True dat. My friends are kind of baffled why I go to the gym after 9 p.m. - but it's the quietest time. Can get through an entire workout including aerobic whatever in about an hour and forty. 

If my husband is working out with me, we can go anywhere 10 a.m. to 2 p.m. when there aren't any classes. 

It's all good. We're in a small town and actually dang lucky we have several great gyms here, including the Fort. There's a lot of support for staying active and in shape when you see soldiers soldiers with prosthetics rocking the classes. You think "Yeah, no excuses."


----------



## BarbedFenceRider (Mar 30, 2018)

...When they lose the safety pin on the seat for the machine you want to use. And it NEVER stays at the height you want it!!!!


----------



## UpsideDownWorld11 (Feb 14, 2018)

BarbedFenceRider said:


> ...When they lose the safety pin on the seat for the machine you want to use. And it NEVER stays at the height you want it!!!!

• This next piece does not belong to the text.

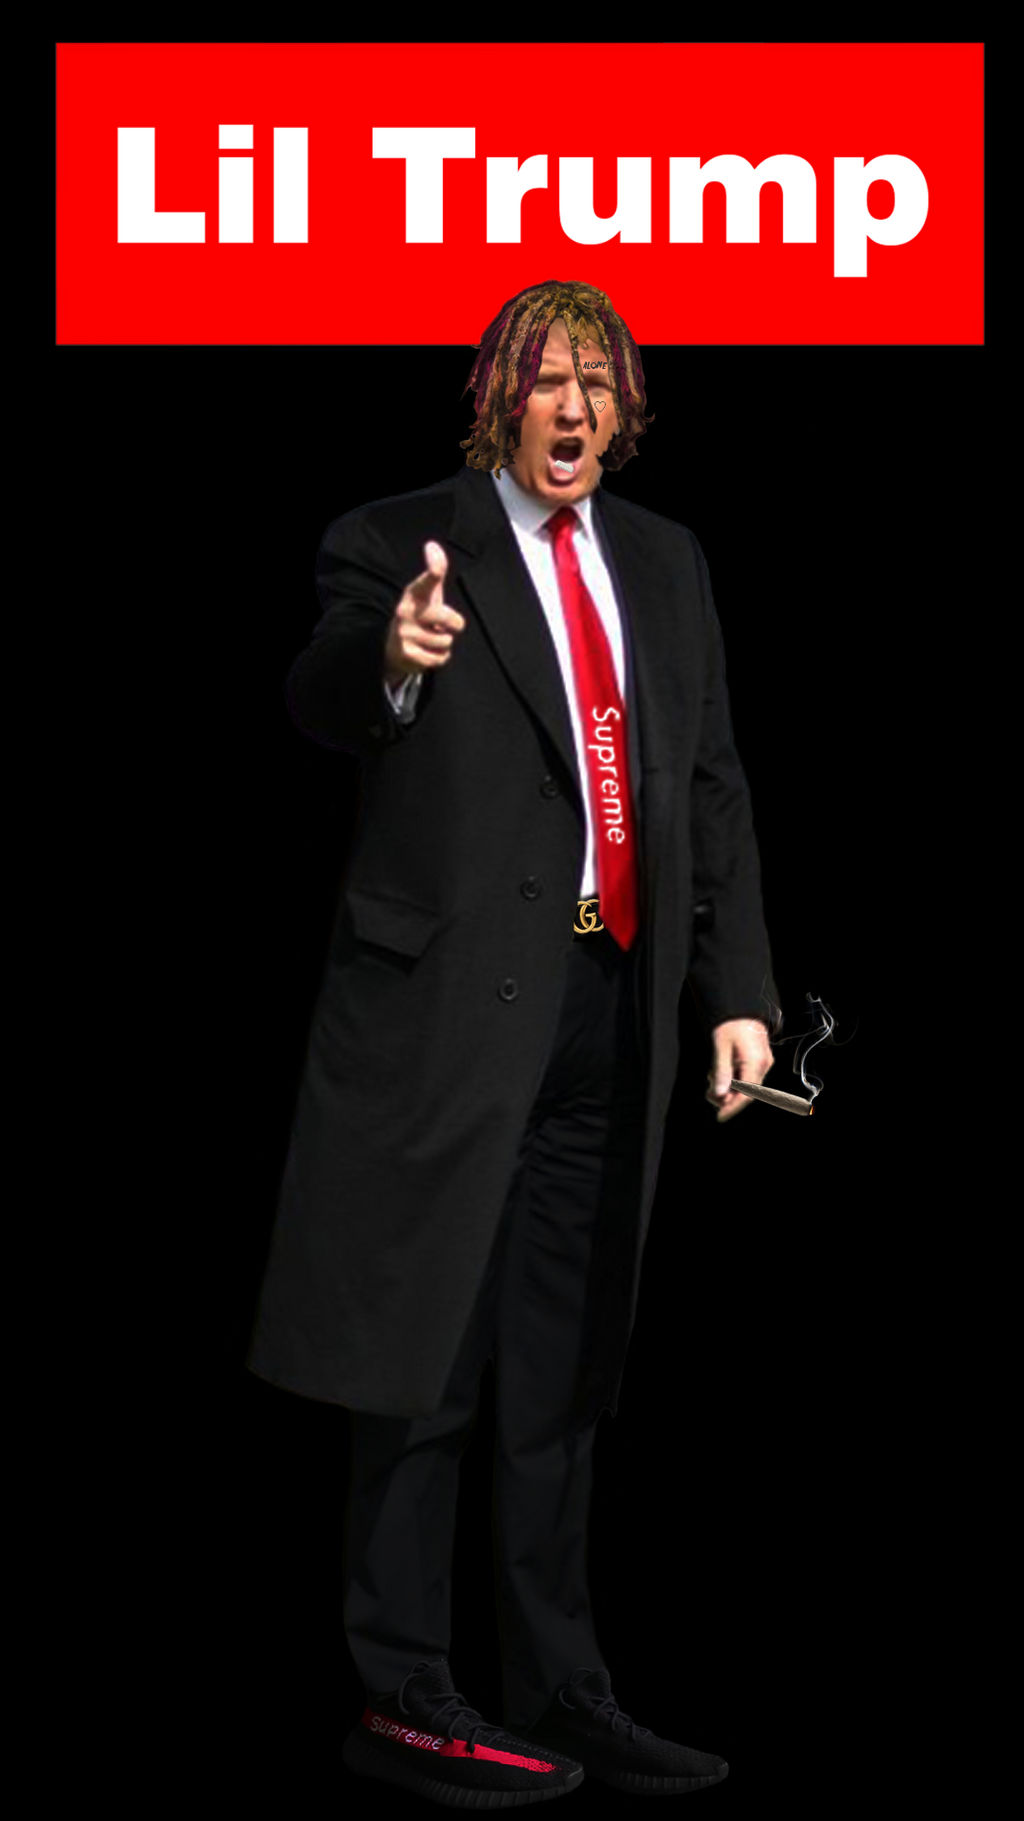 Lil Trump Mobile Wallpaper By Aron260 On Deviantart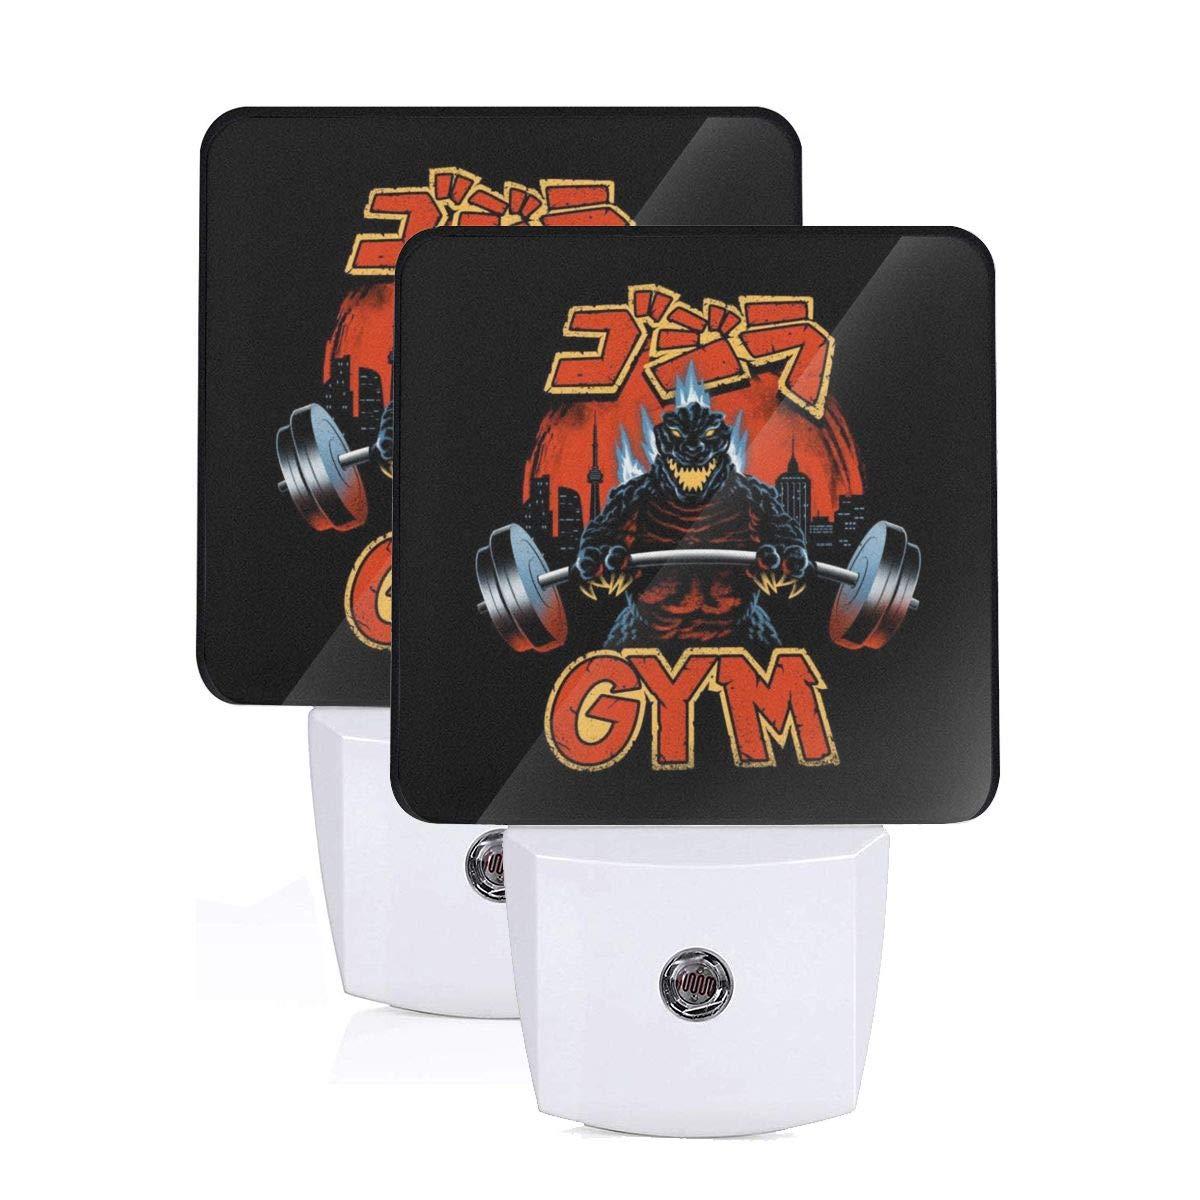 Zilla Gym Godzilla Plug-in Led Night Light with Auto Dusk to Dawn Sensor,Bedroom, Kids Room, Kitchen, Stairway, Adjustable Brightness 2 Pack

You mean the seat you set at 4 and then you sit on it and then BANG! and you are back at 7...


----------



## SentHereForAReason (Oct 25, 2017)

UpsideDownWorld11 said:


> BarbedFenceRider said:
> 
> 
> > ...When they lose the safety pin on the seat for the machine you want to use. And it NEVER stays at the height you want it!!!!
> ...


Lol. Just today I was using an adjustable flat bench. I was doing military presses with dumbbells and them when I was done I switched the bench back to flat so I could set the dumbbells down for shrugs but I must have forgotten to lock the pin in lol. Bench snapped down to a decline and dumbbells went rolling. All I could do is laugh.


----------



## BarbedFenceRider (Mar 30, 2018)

.....


----------



## Cooper (Apr 18, 2008)

The gym I go to has a fair amount of machines with weight stacks. It seems to be a thing to get a free weight and hang it on the pin that locks in the weight stack. Most of the weight stacks are in 10lb. increments, yet I constantly find machines set at 30lbs or so with a 10lb free weight hanging on the pin. I asked a woman why she does it and she said the weight stack plates aren't as accurate as a free weight. Yeah, so? Even if you want to add a 5lb weight at least put the damn thing back when you're done.


----------



## ConanHub (Aug 9, 2013)

Groups of young guys who pump each other up psychologically while taking up too much space and hogging equipment they are sometimes using. 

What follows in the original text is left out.